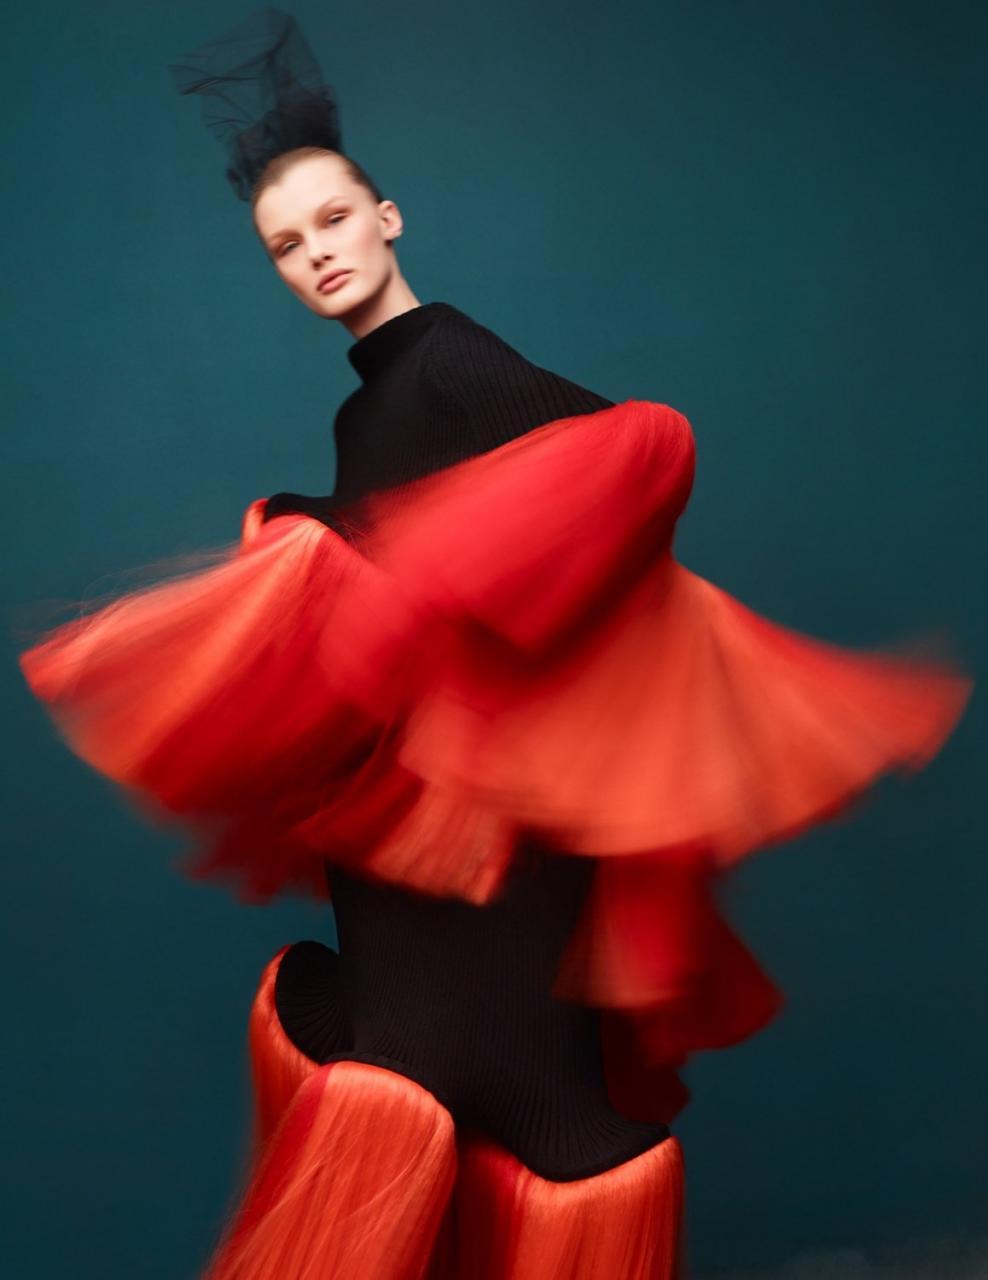 《VOGUE》中国版2019年1月刊 超模Kris Grikaite出镜 时尚图库 第12张
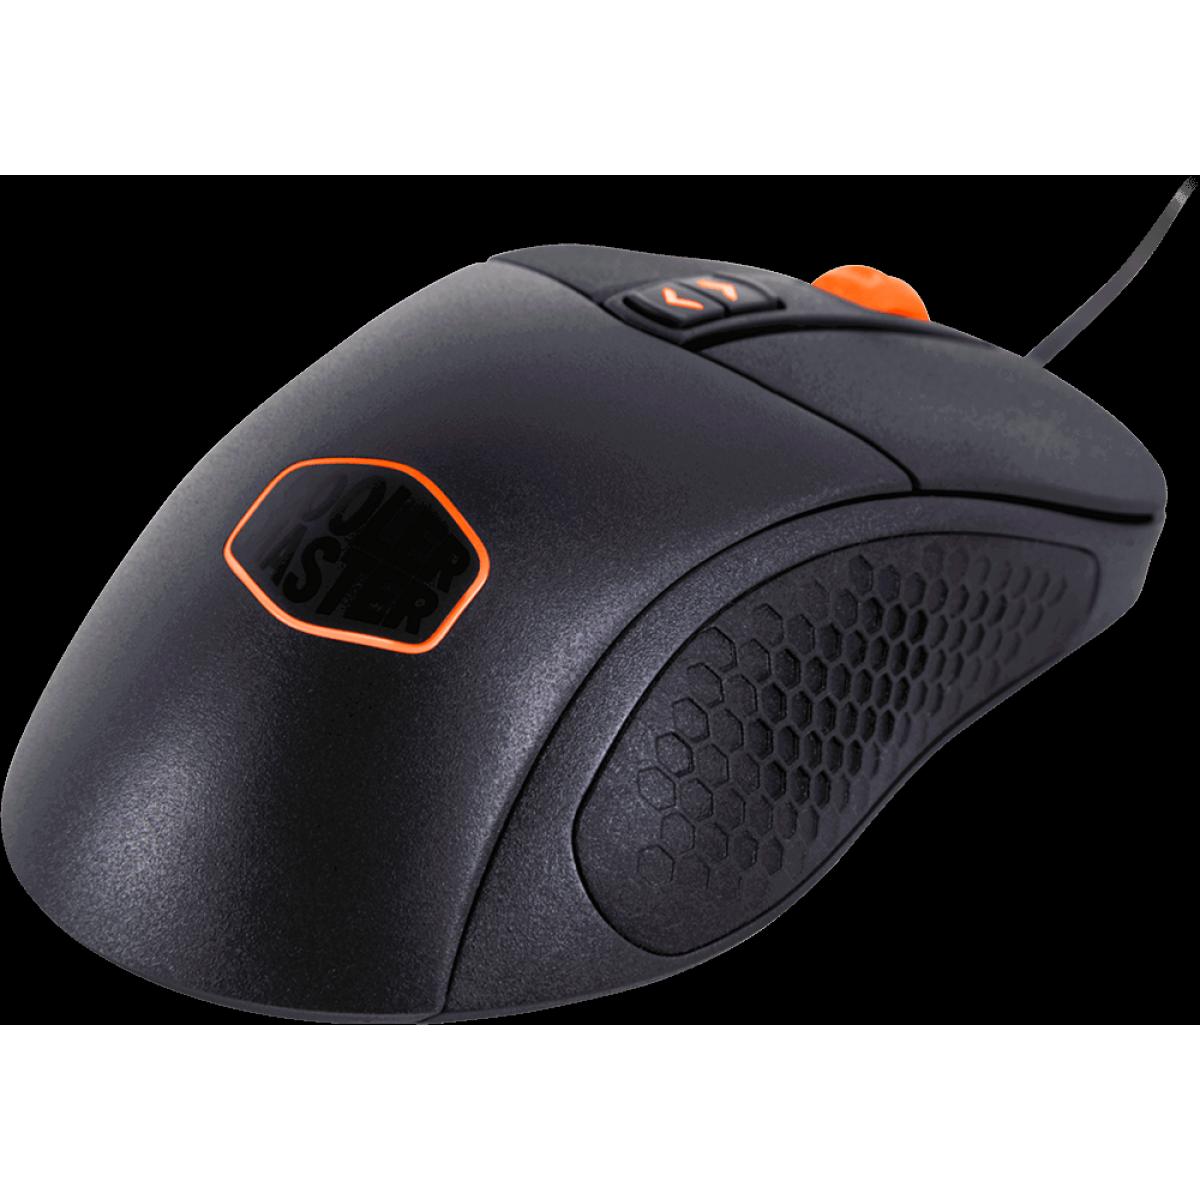 Mouse Gamer Cooler Master MM530 RGB, 12000DPI, 7 Botões Programáveis, SGM-4007-KLLW1
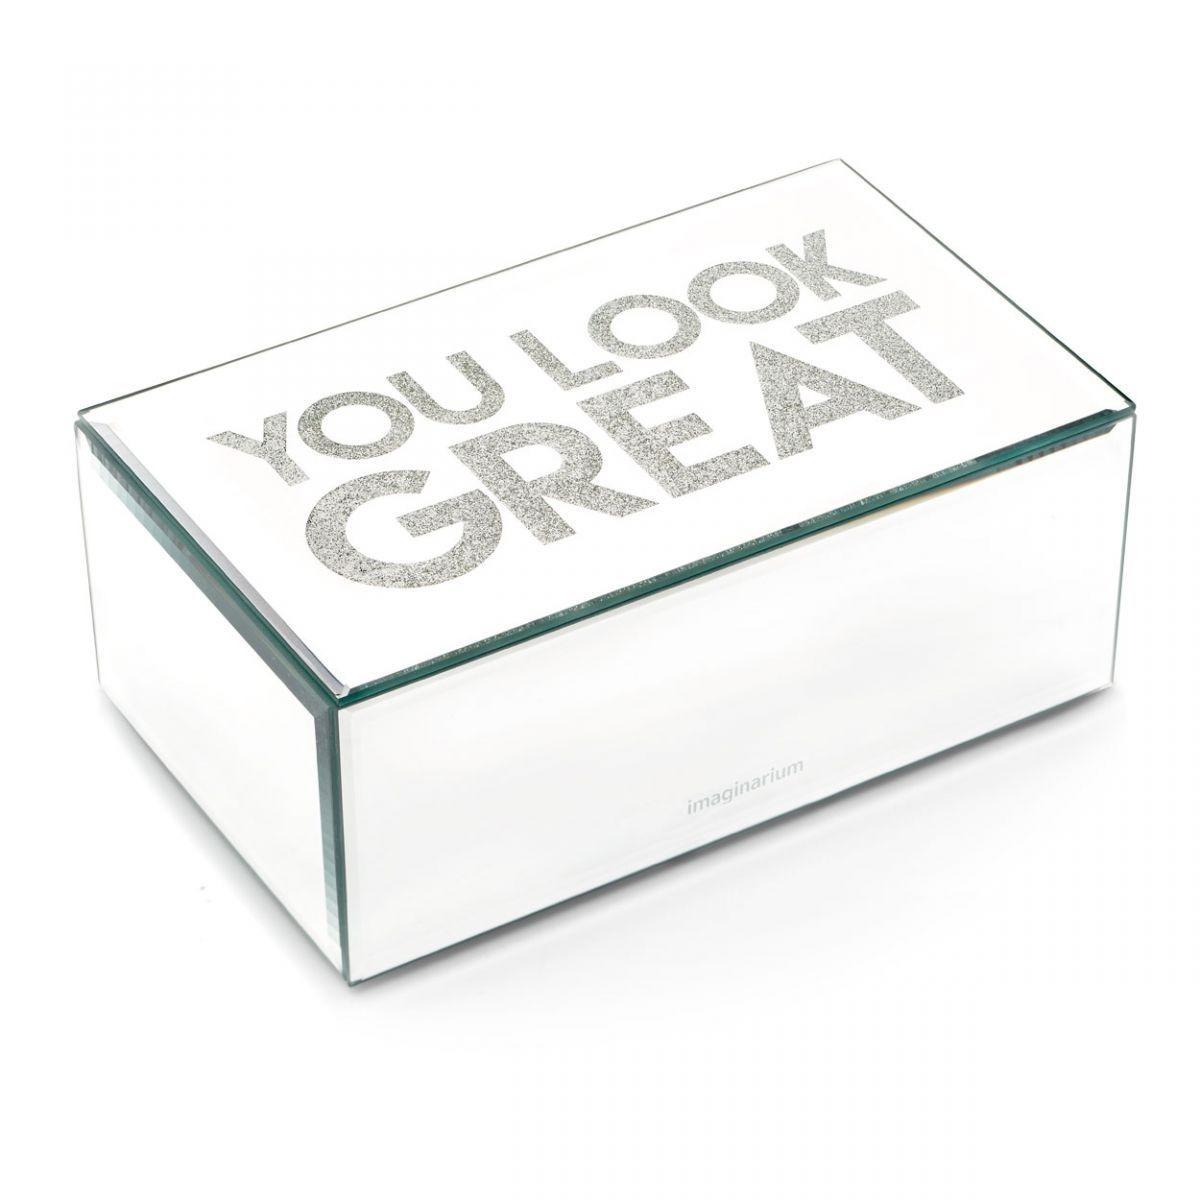 6982d160e Porta Bijoux Espelhado Look Great Imaginarium - R$ 119,90 em Mercado ...

## TASK ITEM
Write out the data precisely as given, excluding the pictures.

## REPLY
 《VOGUE》中国版2019年1月刊 超模Kris Grikaite出镜 时尚图库 第12张
 Mouse Gamer Cooler Master MM530 RGB, 12000DPI, 7 Botões Programáveis, SGM-4007-KLLW1
 6982d160e Porta Bijoux Espelhado Look Great Imaginarium - R$ 119,90 em Mercado ...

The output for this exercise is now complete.